Perspectives et trajectoires possibles
Si les défis sont bien adressés, baisse des coûts, subvention de terminaux, densification, innovation d’usage, politique inclusive, la projection de 17 % de part de la 5G en 2030 semble plausible dans de nombreux contextes africains. Dans ce scénario, la 5G deviendrait un catalyseur de croissance numérique : services à large bande, villes intelligentes, industrie 4.0, connectivité pour l’agriculture de précision, télémédecine, éducation à distance de haute qualité.
Cependant, dans les pays moins bien dotés ou à ressources limitées, la 5G pourrait rester un luxe ou un service premium longtemps, tant que les obstacles structurels ne sont pas résolus. Le scénario le plus prudent pour eux serait une cohabitation prolongée de la 4G et de la 5G, avec la 5G initialement focalisée sur les centres urbains et les grands équipements (entreprises, campus, hubs technologiques).
L’essor de la 5G pourrait renforcer l’avantage comparatif numérique de certains pays africains, attirer des investissements étrangers, stimuler l’écosystème des startups technologiques, créer des emplois de qualité, et améliorer la compétitivité régionale. Mais cela exige une vision cohérente, une coordination public-privé et une approche inclusive.
Pourquoi est-ce important ?
Parce que l’accès à des réseaux mobiles de génération avancée n’est plus une simple question technologique : c’est un facteur structurant de développement économique, d’innovation, de productivité, de résilience aux chocs. Un continent qui ne gagne pas la transition vers la 5G risque d’accuser davantage son retard dans l’économie numérique mondiale.
Parce que la fracture numérique se creuse non seulement entre l’Afrique et le reste du monde, mais au sein même des pays africains : les zones urbaines, les populations aisées et connectées risquent de bénéficier des gains technologiques tandis que les zones rurales et les populations marginalisées peuvent rester en marge, aggravant les inégalités.
Parce que l’Afrique dispose d’atouts encourageants, jeunesse numérique, innovation locale, opérateurs africains engagés, fournisseurs (Huawei, ZTE) actifs, mais ces forces doivent être canalisées par des politiques avisées pour transformer le potentiel en impact. Le rapport State of Broadband in Africa 2025 rappelle aussi l’importance des points d’échange Internet (IXP) : 33 pays africains disposent désormais d’un ou plusieurs IXP, ce qui aide à réduire le coût de transit international, améliorer la latence et la qualité du trafic local.
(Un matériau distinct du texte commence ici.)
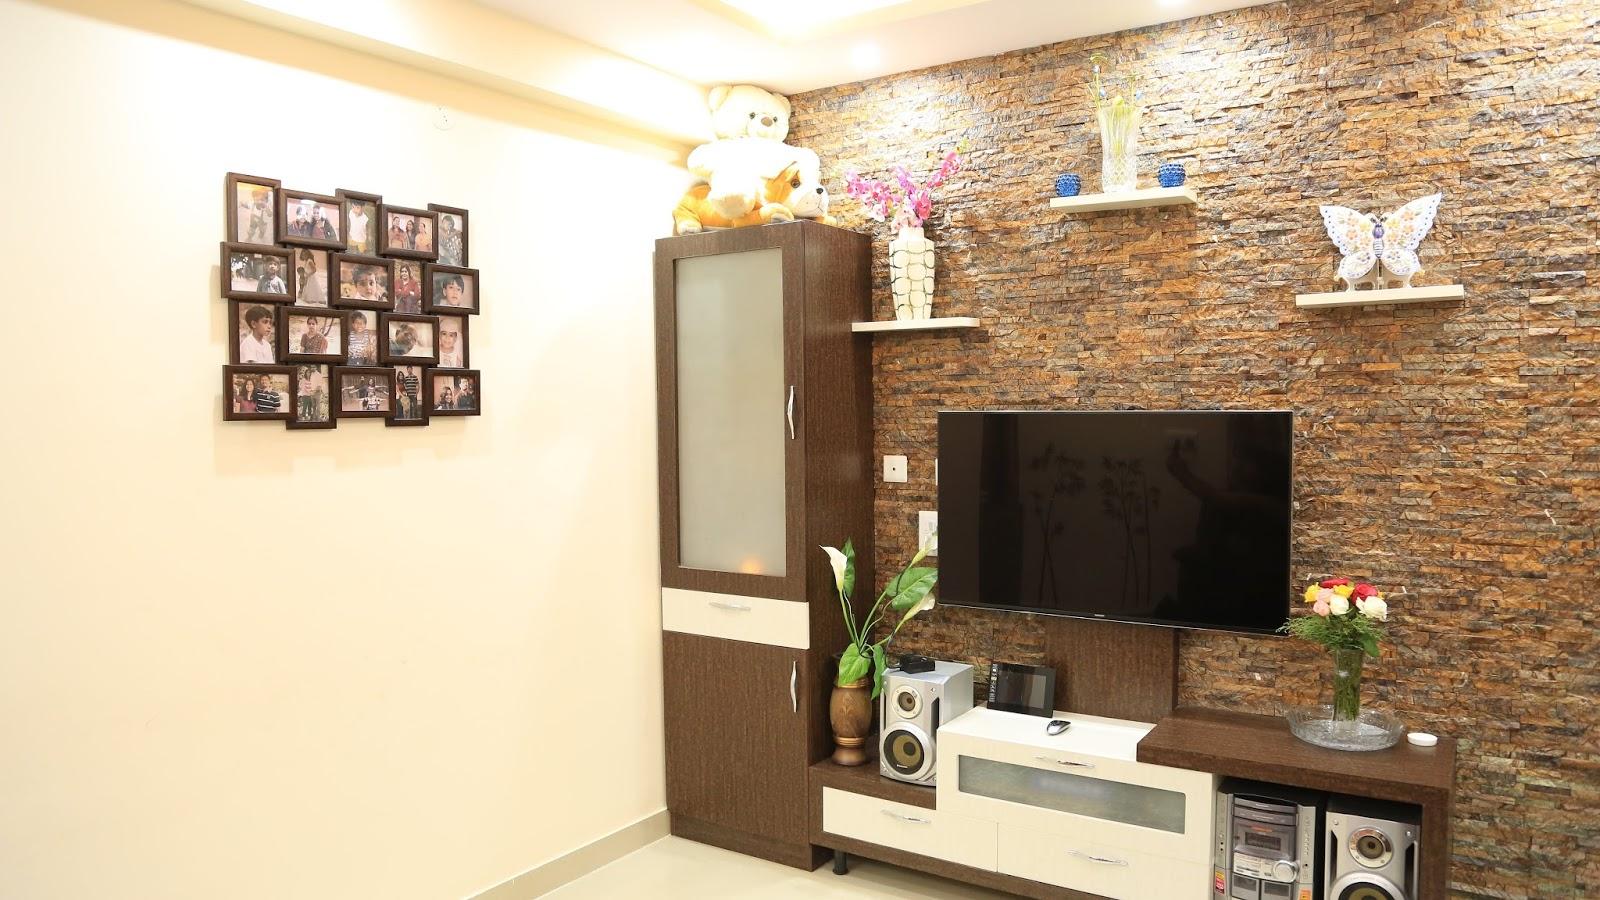 Koncept living interior concepts living room interior for Interior ideas for living rooms

Enfin, pour l’Afrique de l’Ouest, une adoption plus rapide et généralisée de la 5G pourrait renforcer l’intégration régionale, améliorer les services transfrontaliers numériques, stimuler le e-commerce, les fintechs, les plateformes de services, l’agro-tech connectée, etc. Les pays ouest-africains qui sauront conjuguer infrastructures, régulation, subventions ciblées et innovation auront une longueur d’avance dans la course à la transformation numérique.